An edge-assisted cloud framework using a residual concatenate FCN approach to beam correction in the internet of weather radars

Internet of Things (IoT) has been rapidly developed in recent years, being well applied in the fields of Environmental Surveillance, Smart Grid, Intelligent Transportation, and so on. As one of the typical earth-based meteorological observation methods, networked Doppler weather radars, i.e. the Internet of weather Radars (IoR) can detect the signals of large-area water particles in the atmosphere with high resolution, but suffer from beam blockage due to surrounded mountains, buildings, as well as other obstacles. In addition, how to establish a distributed platform for large-scale radar data analytics becomes critical and challenging, especially considering optimised strategies on the storage, processing and exchange of radar raw data, beam/echo signal, and final products etc.
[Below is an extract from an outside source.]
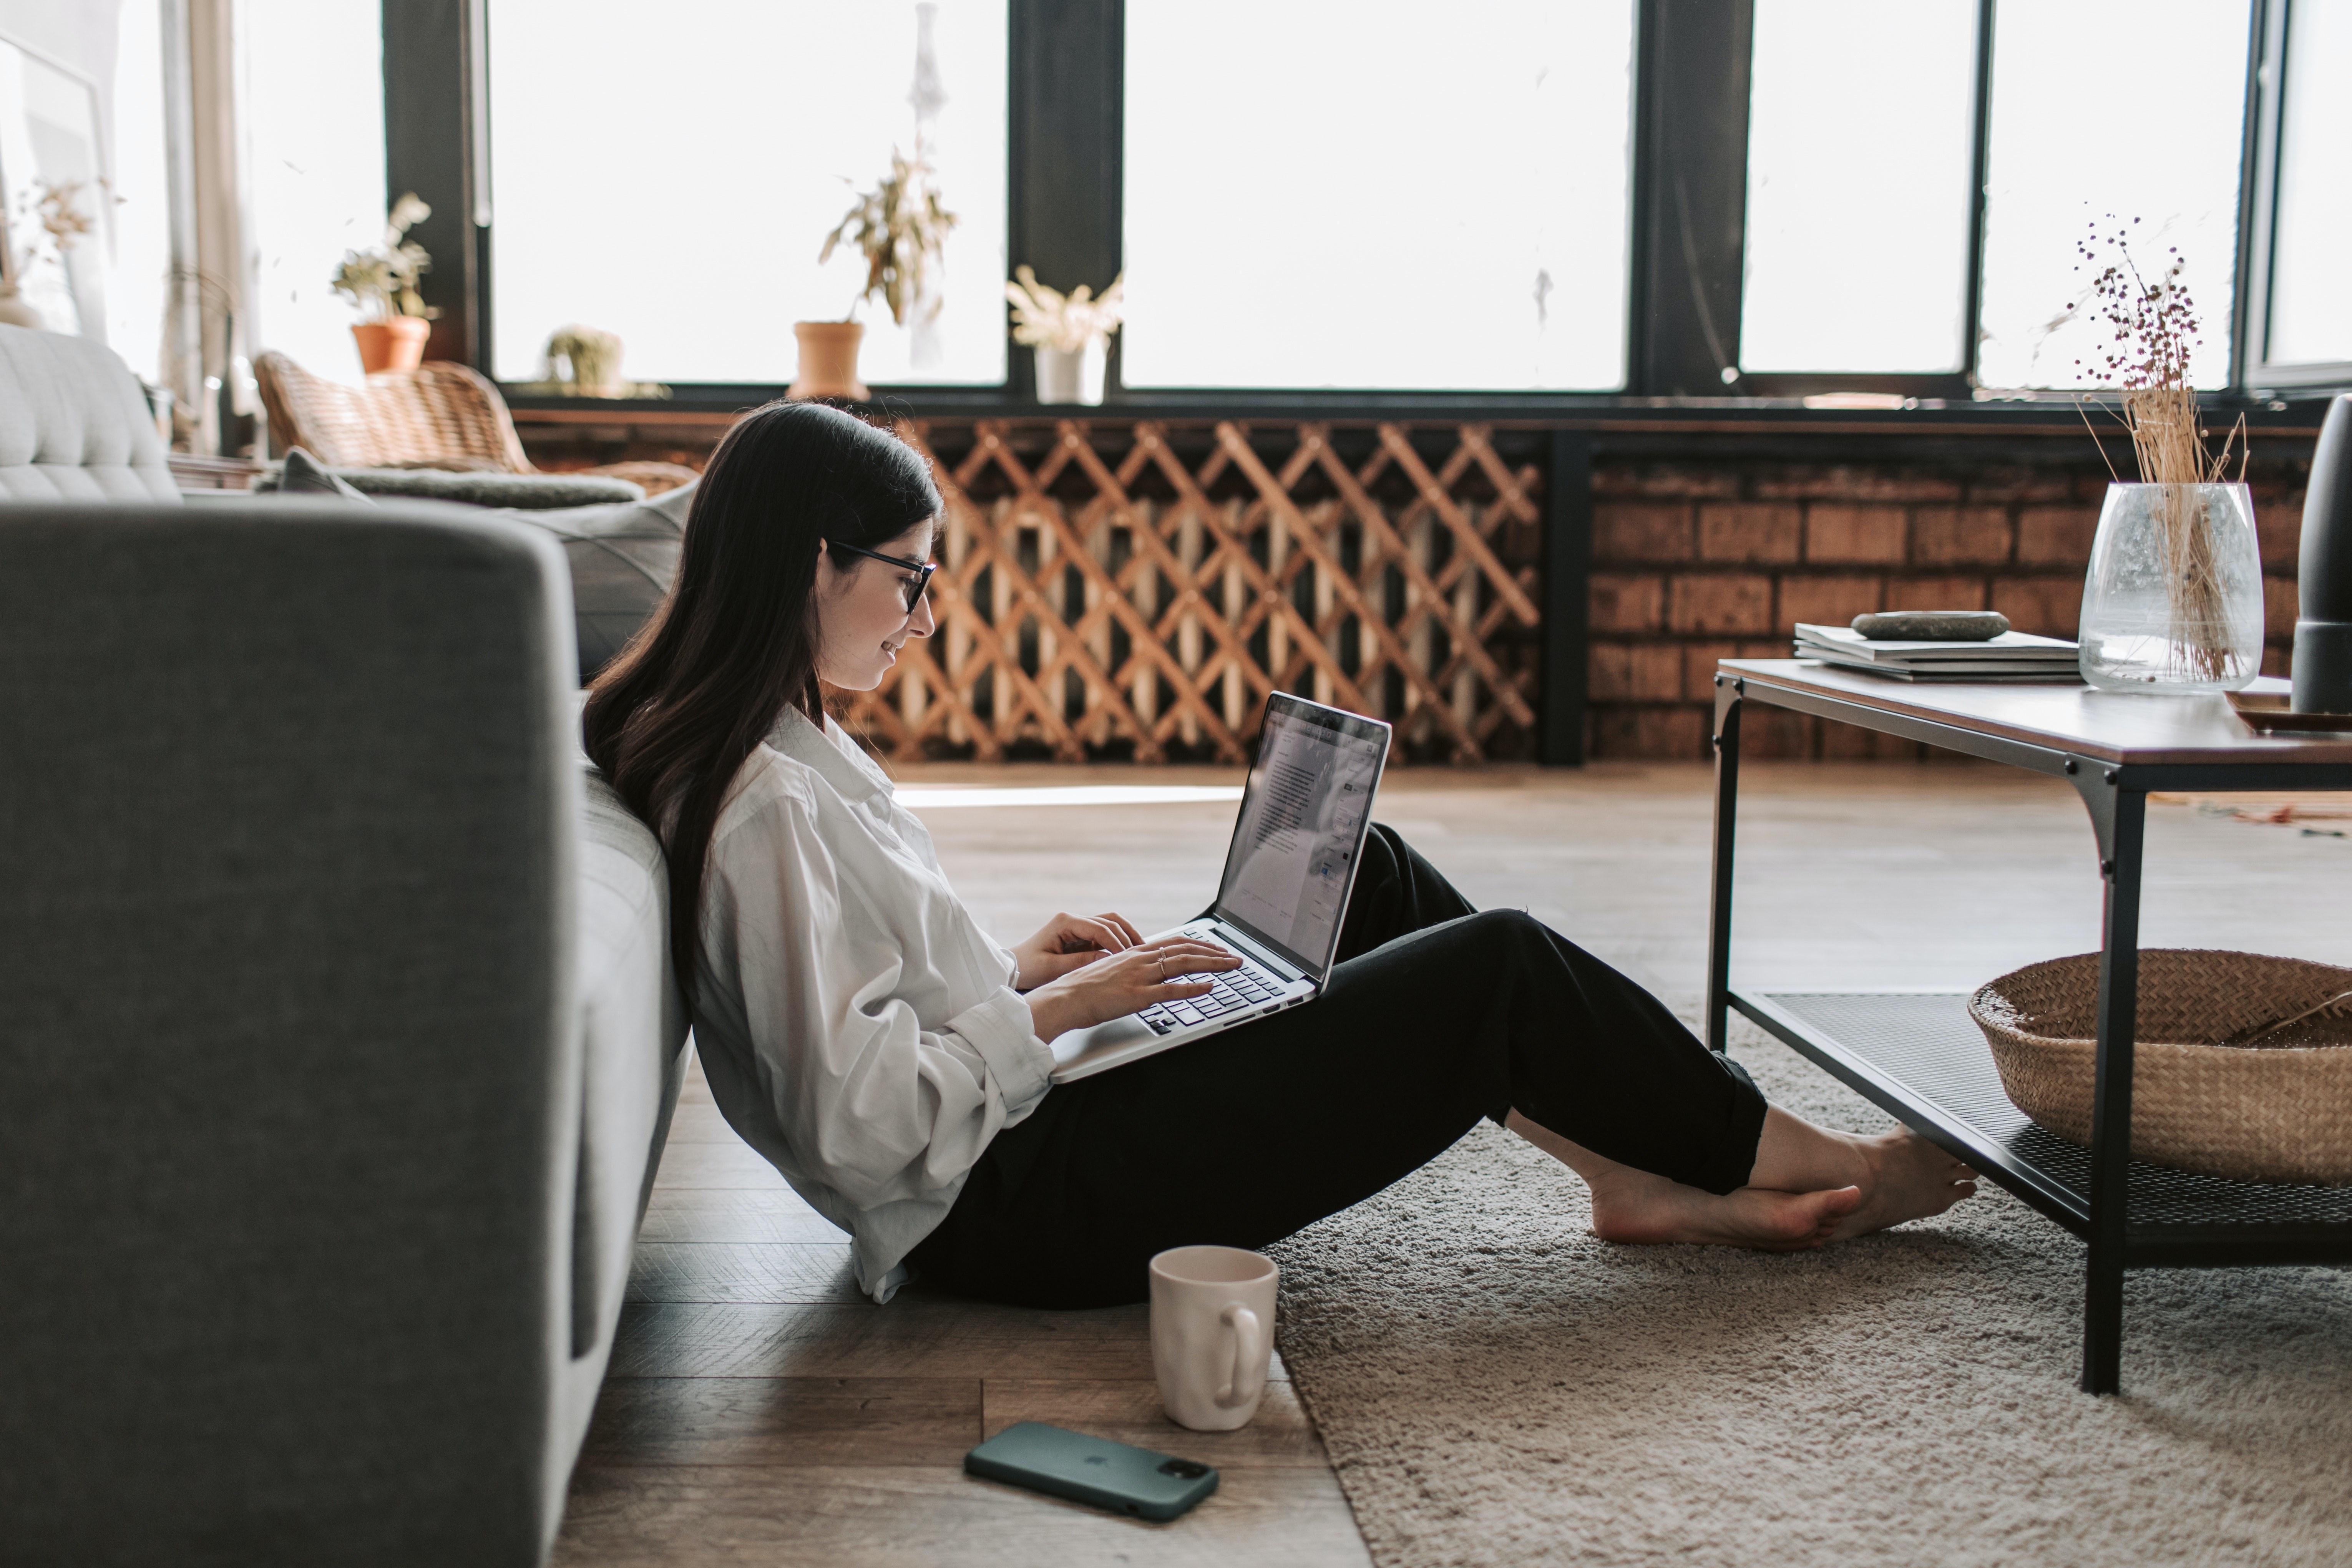 Santé des pieds, posture et télétravail: quels conseils?
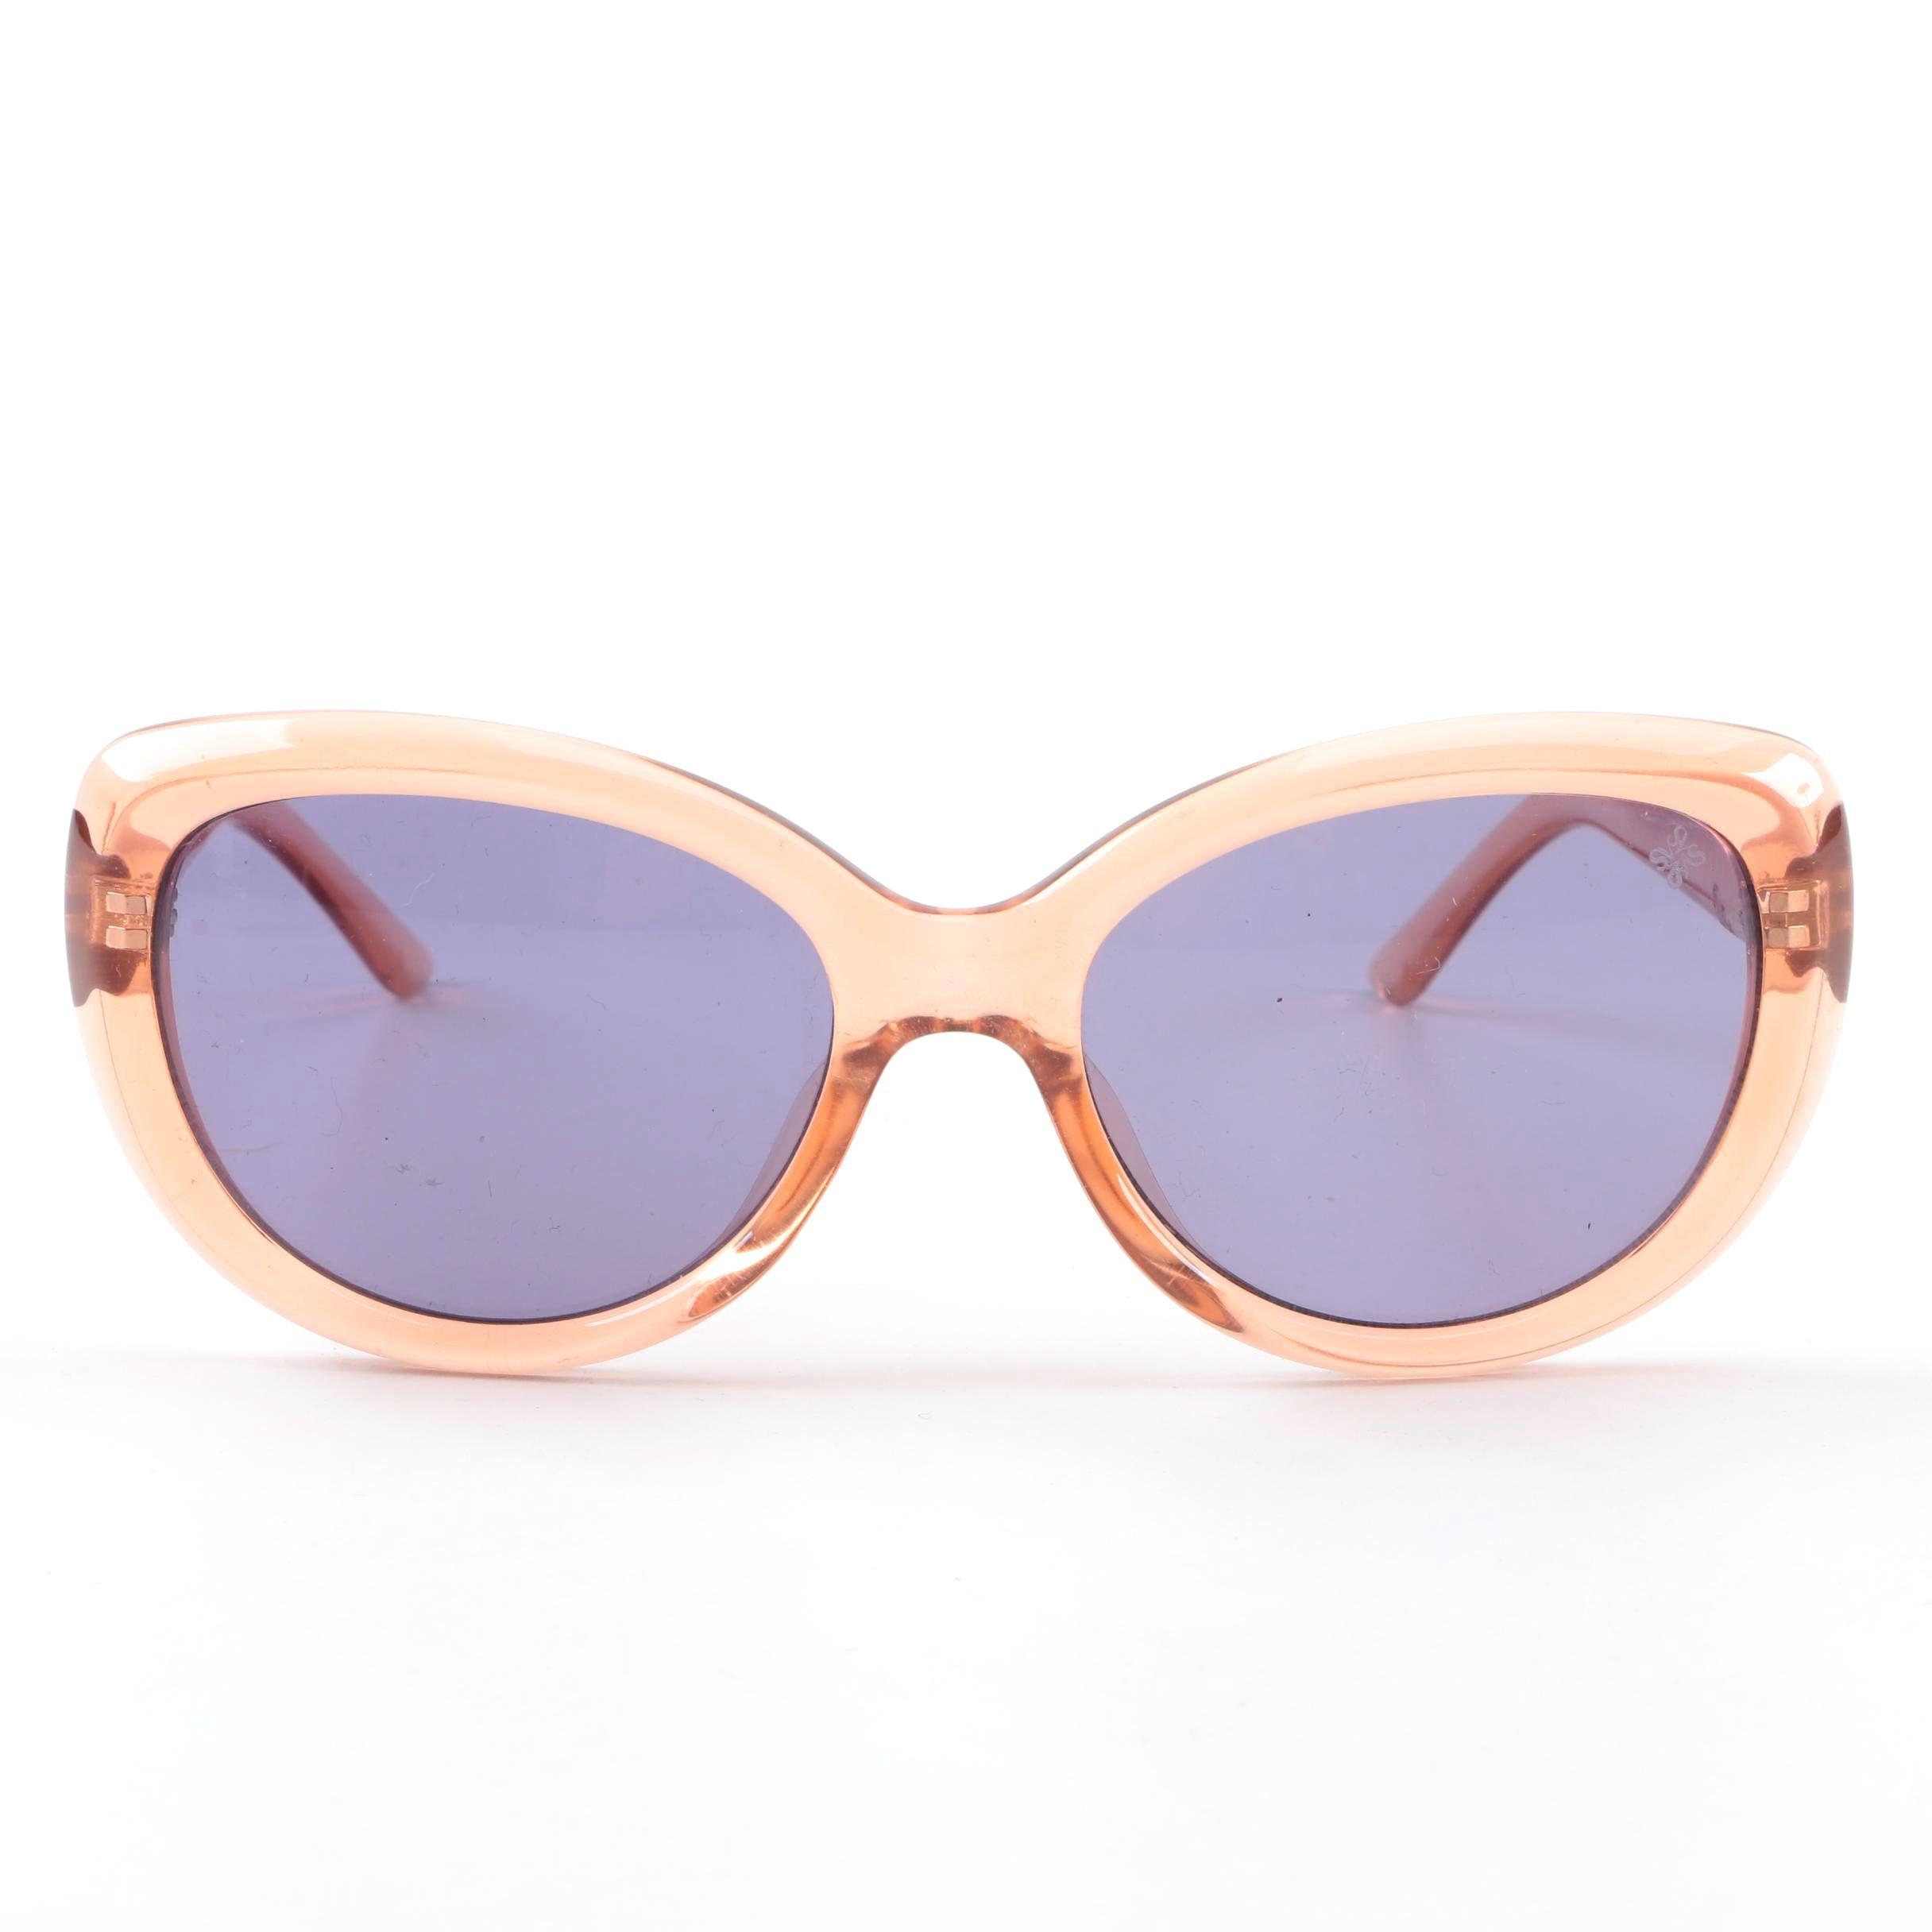 Vera Wang Simply Vera Cat Eye Style Sunglasses

In this paper, an edge-assisted cloud framework is proposed to facilitate effective and proficient communication and progression, where echo signal from a single site radar can be analysed and pre-processed at the edge, and then trained in the cloud with elastic resources and distributed learning ability. A Residual Concatenate Fully Convolutional Network (RC-FCN) is presented for beam blockage correction, which is integrated into the framework to be compared with other deep learning models, including FCN, ResNet, VGG, etc. According to experiment results, better performance and efficiency have been achieved using the proposed framework and its fitted RC-FCN model.